Virus testing 'strike teams' to fan out across Pennsylvania

Pennsylvania Gov. Tom Wolf (Office of Gov. Tom Wolf)

Regional “strike teams” will fan out across Pennsylvania over the next 12 weeks in a bid to improve the state's coronavirus testing efforts, the governor announced Tuesday, as health officials anticipated a post-Thanksgiving surge in new cases.

The Department of Health is expanding an existing contract with AMI Expeditionary Healthcare, which will dedicate five virus testing teams to the new effort. Each week, the teams will operate temporary testing sites in counties identified as virus hot spots, eventually making it to every Pennsylvania county that doesn’t have its own health department.

“Our goal is to ensure that everyone who needs a test in Pennsylvania can get one,” Gov. Tom Wolf said at a news conference Tuesday.

Temporary sites are scheduled to open Wednesday in Bedford, Mifflin, Tioga and Northampton counties, with another one opening Friday in Butler County. All five counties have seen rapid transmission of the virus.

Pennsylvania is reporting an average of 6,700 new confirmed infections and 73 deaths per day, both up sharply over the past two weeks, according to AP analysis of data from The COVID Tracking Project. Statewide hospitalizations have more than tripled since the beginning of November, according to Department of Health data.

Michael Huff, the state’s director of testing and contact tracing, said the new testing sites will help health officials track the virus' prevalence. He predicted “even greater spikes” in new cases in a week to 10 days, when the impact of Thanksgiving gatherings will begin to be felt.

The testing sites will be open to anyone who wants a test. The testing is free and no appointment is necessary. Each site will be able to test 450 people per day.

In other coronavirus-related developments in Pennsylvania on Tuesday:



Philadelphia’s Department of Revenue announced three measures aimed at providing some relief for small businesses that have been economically crippled by the city’s recent COVID-19 closures.

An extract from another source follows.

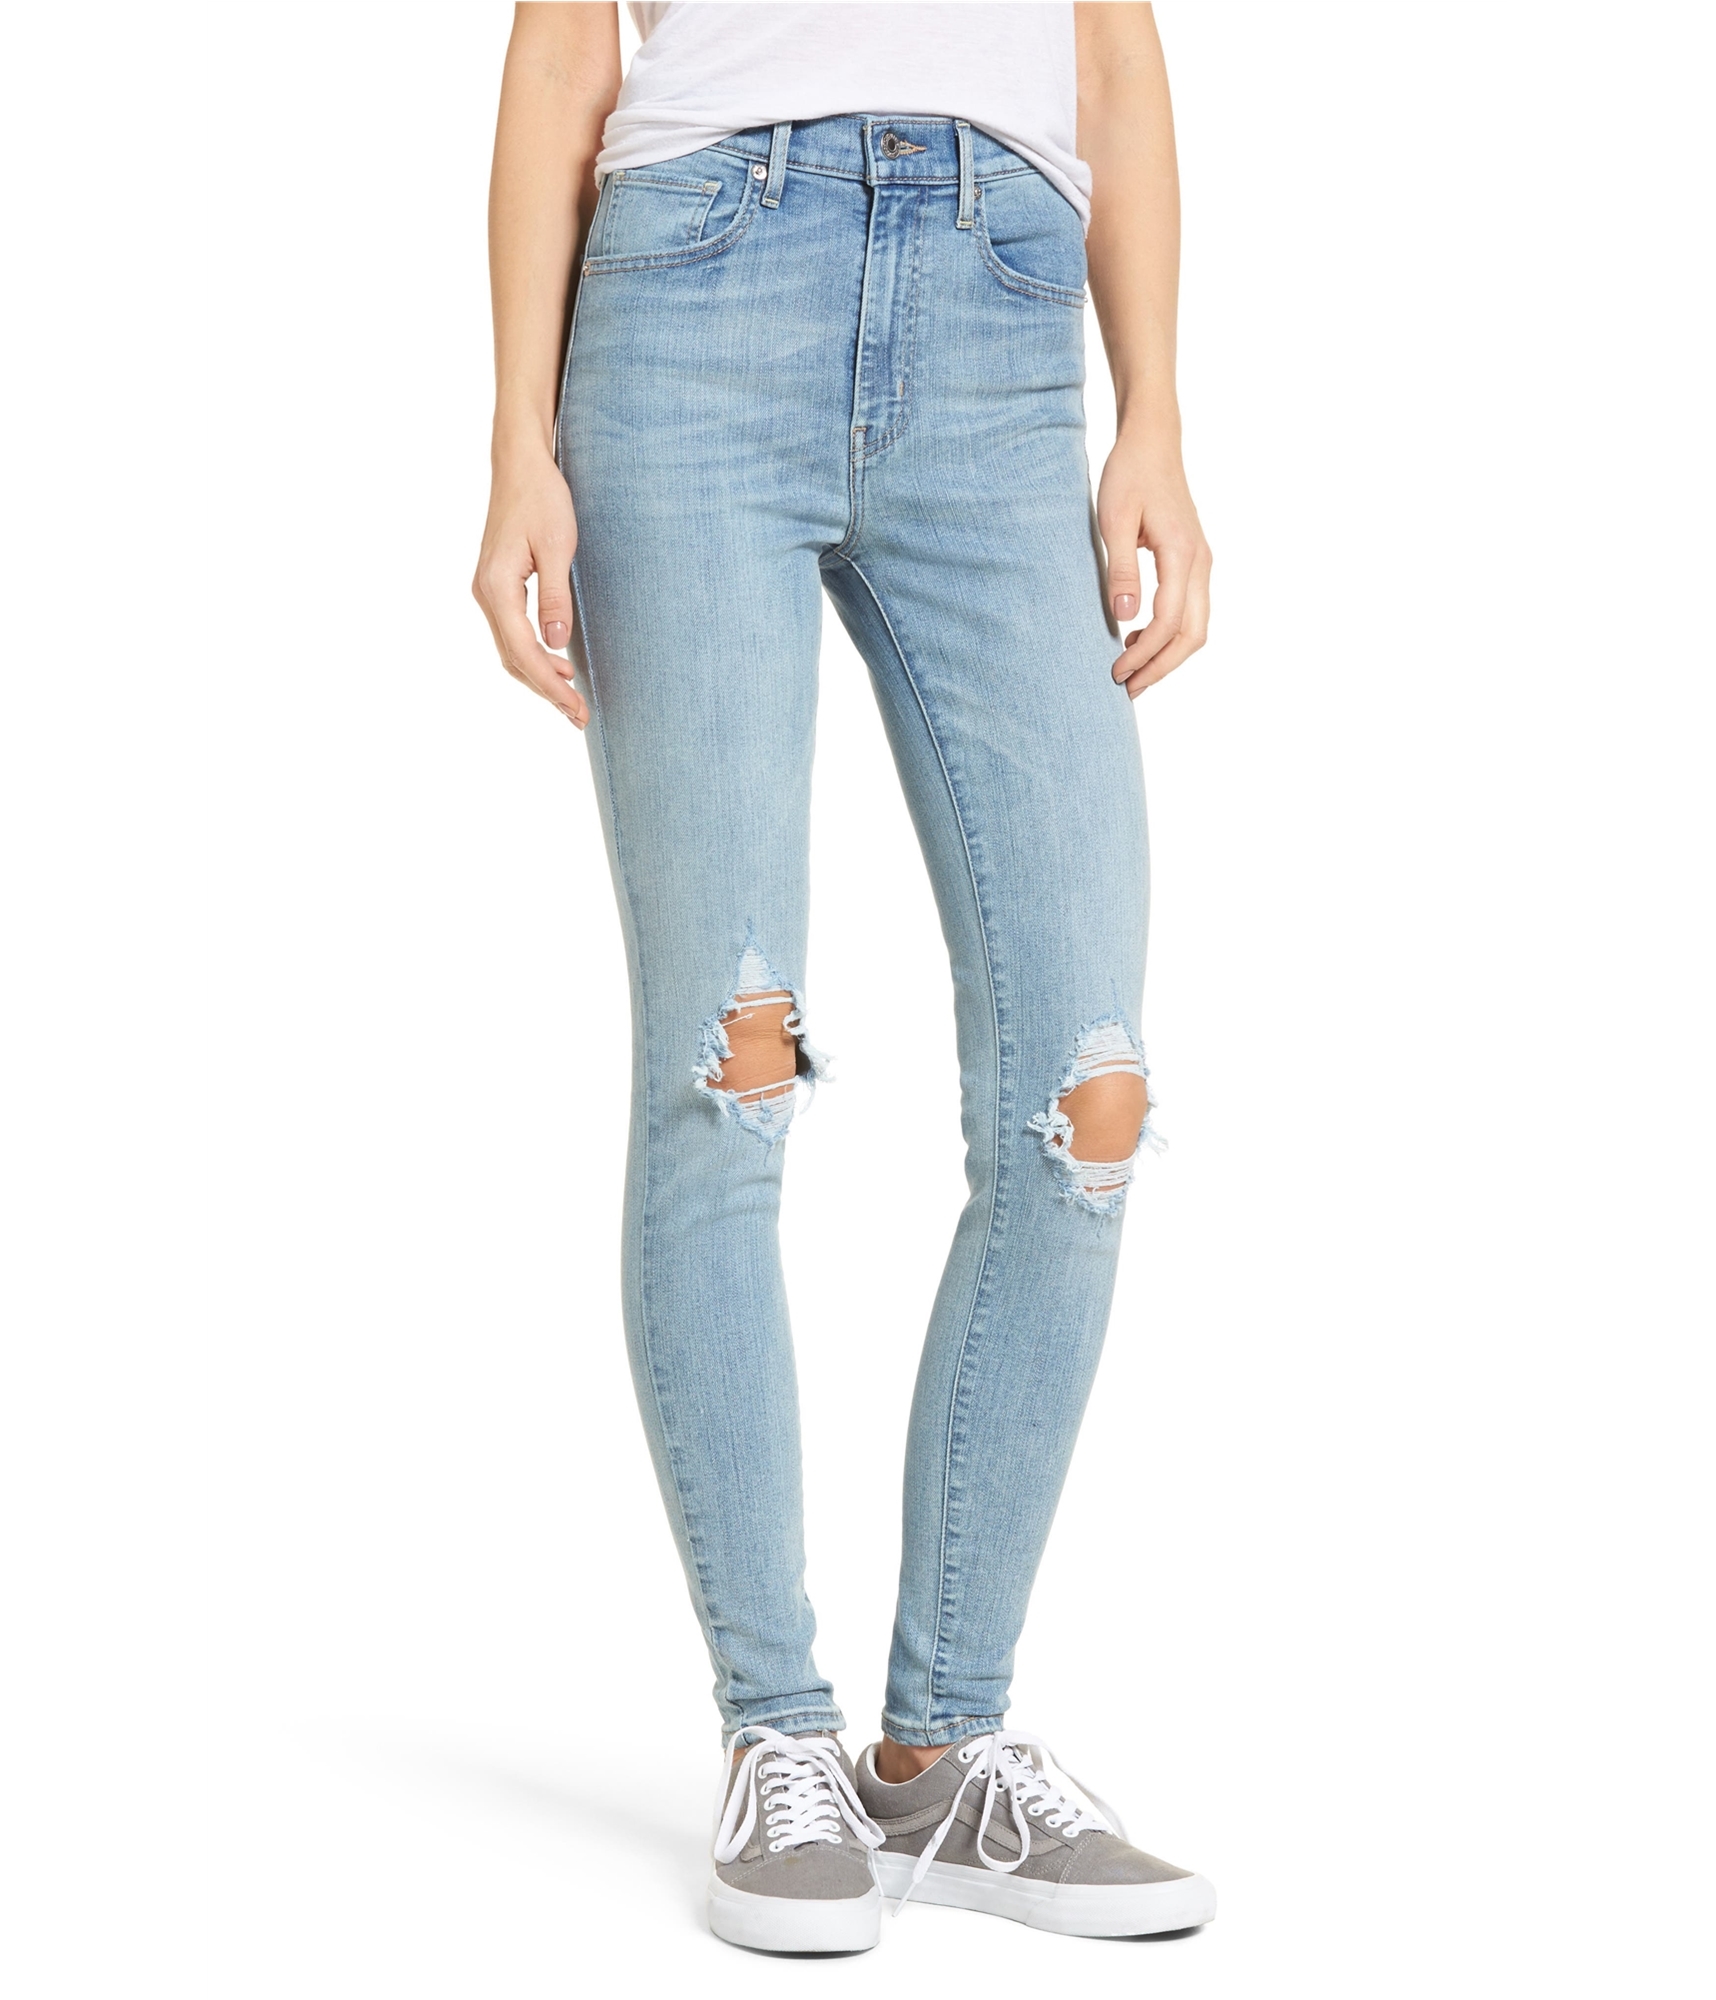 Buy a Womens Levi's Ripped Knees Skinny Fit Jeans Online

The measures include a temporary reduction in the city’s use and occupancy tax for bars and restaurants while indoor dining is off limits, an extended due date for annual fees for businesses that use city trash services, and a means for business owners who pay estimated taxes to claim refunds for overpayments.

“I recognize that none of these changes will be enough to fully overcome the impact of an economic downturn that has hit certain sectors — including restaurants — tremendously,” Mayor Jim Kenney said in written statement, adding that city officials are working on other relief measures as well as asking for state and federal help.